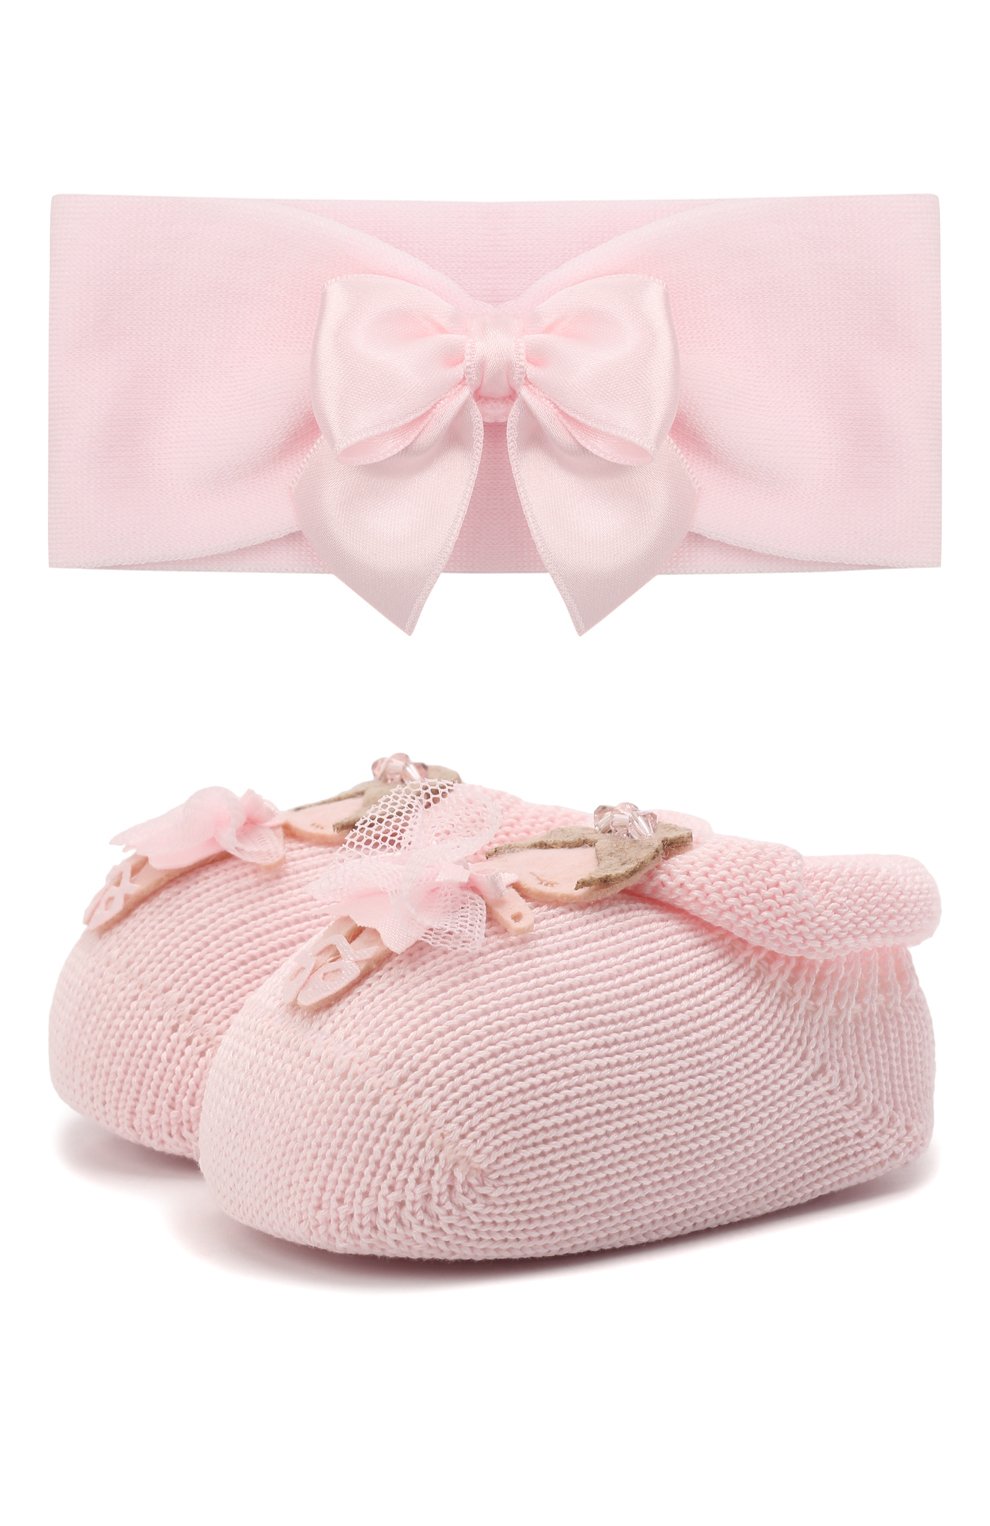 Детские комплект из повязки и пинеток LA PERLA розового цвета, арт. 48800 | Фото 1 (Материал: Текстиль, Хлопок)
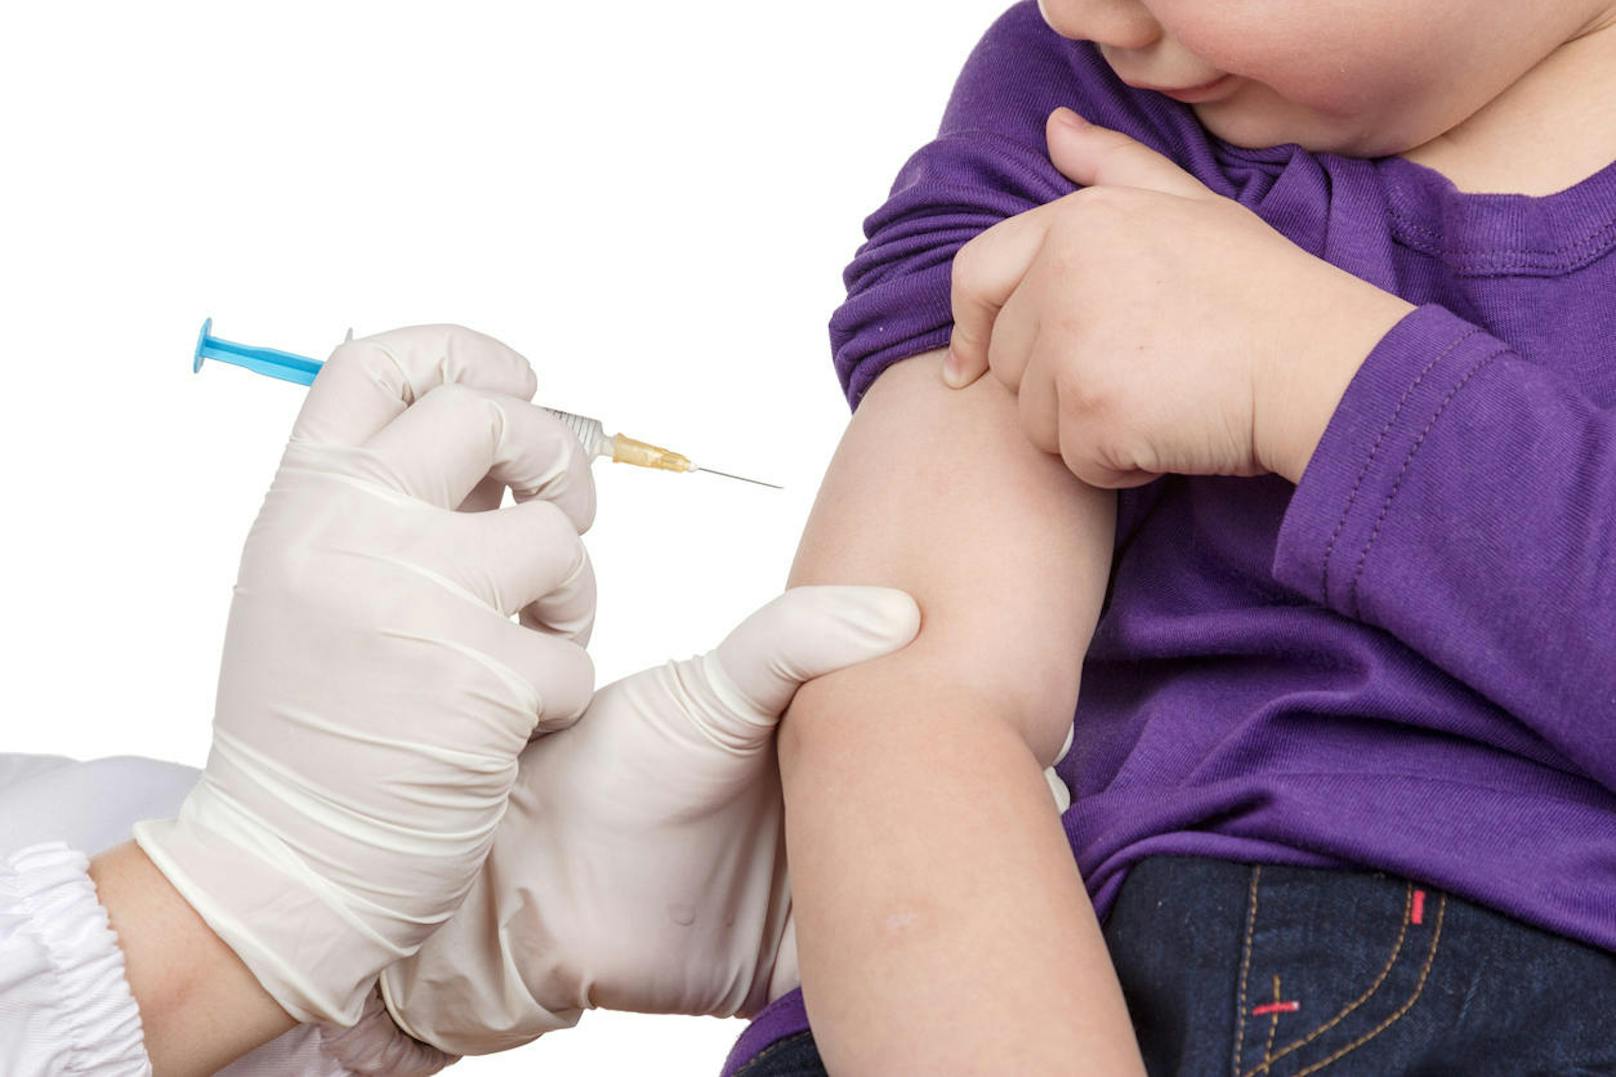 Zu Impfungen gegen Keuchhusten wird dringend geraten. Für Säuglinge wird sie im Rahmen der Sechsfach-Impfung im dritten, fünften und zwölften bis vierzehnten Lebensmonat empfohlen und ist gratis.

--

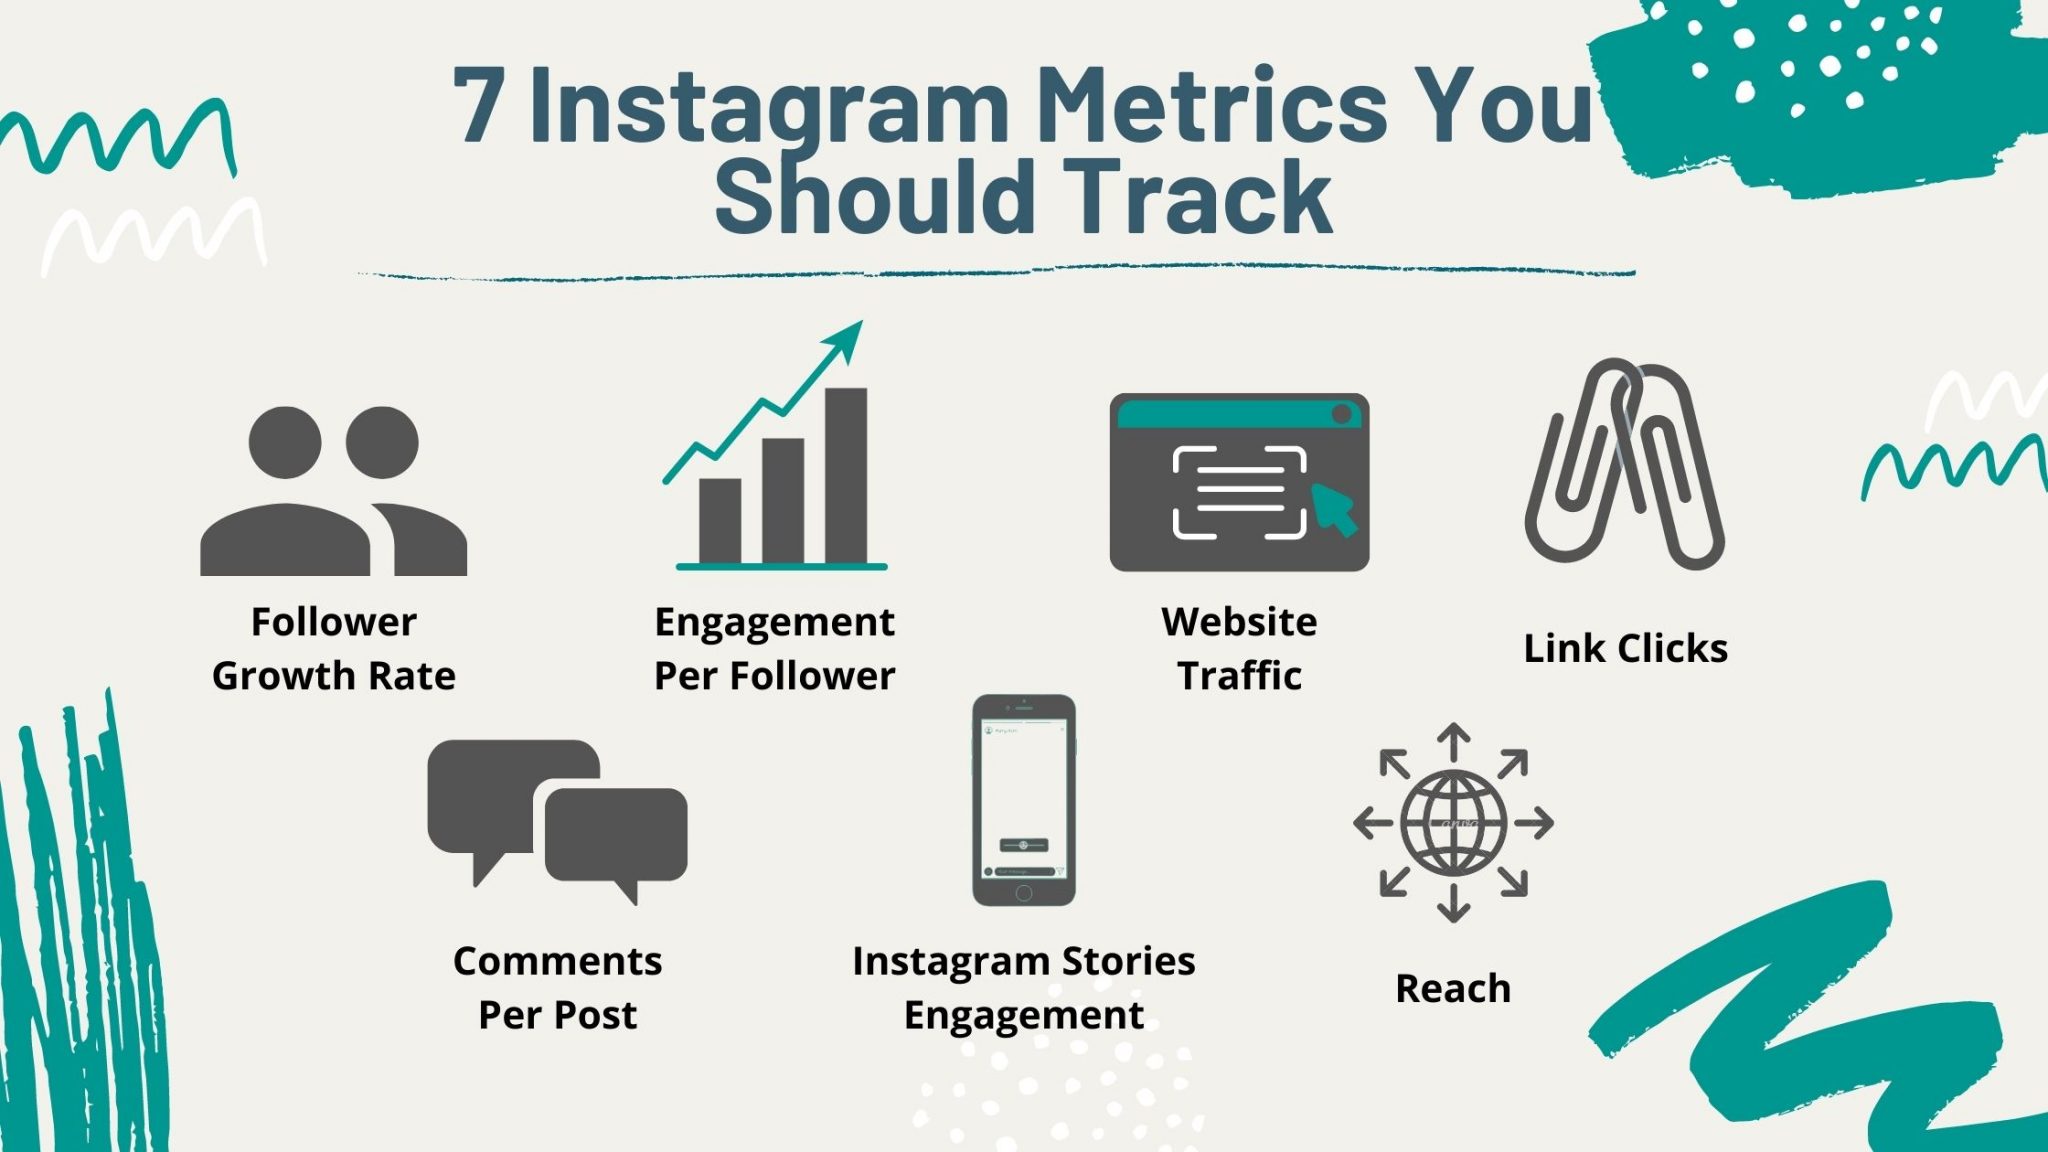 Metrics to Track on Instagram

WHAT TO PRODUCE: Give again, exactly as written above, each line from the one that has "Детские комплект из" to the one that has "Zu Impfungen gegen", both included; omit the pictures.

ANSWER TO THE PROBLEM:
 Детские комплект из повязки и пинеток LA PERLA розового цвета, арт. 48800 | Фото 1 (Материал: Текстиль, Хлопок)
 Zu Impfungen gegen Keuchhusten wird dringend geraten. Für Säuglinge wird sie im Rahmen der Sechsfach-Impfung im dritten, fünften und zwölften bis vierzehnten Lebensmonat empfohlen und ist gratis.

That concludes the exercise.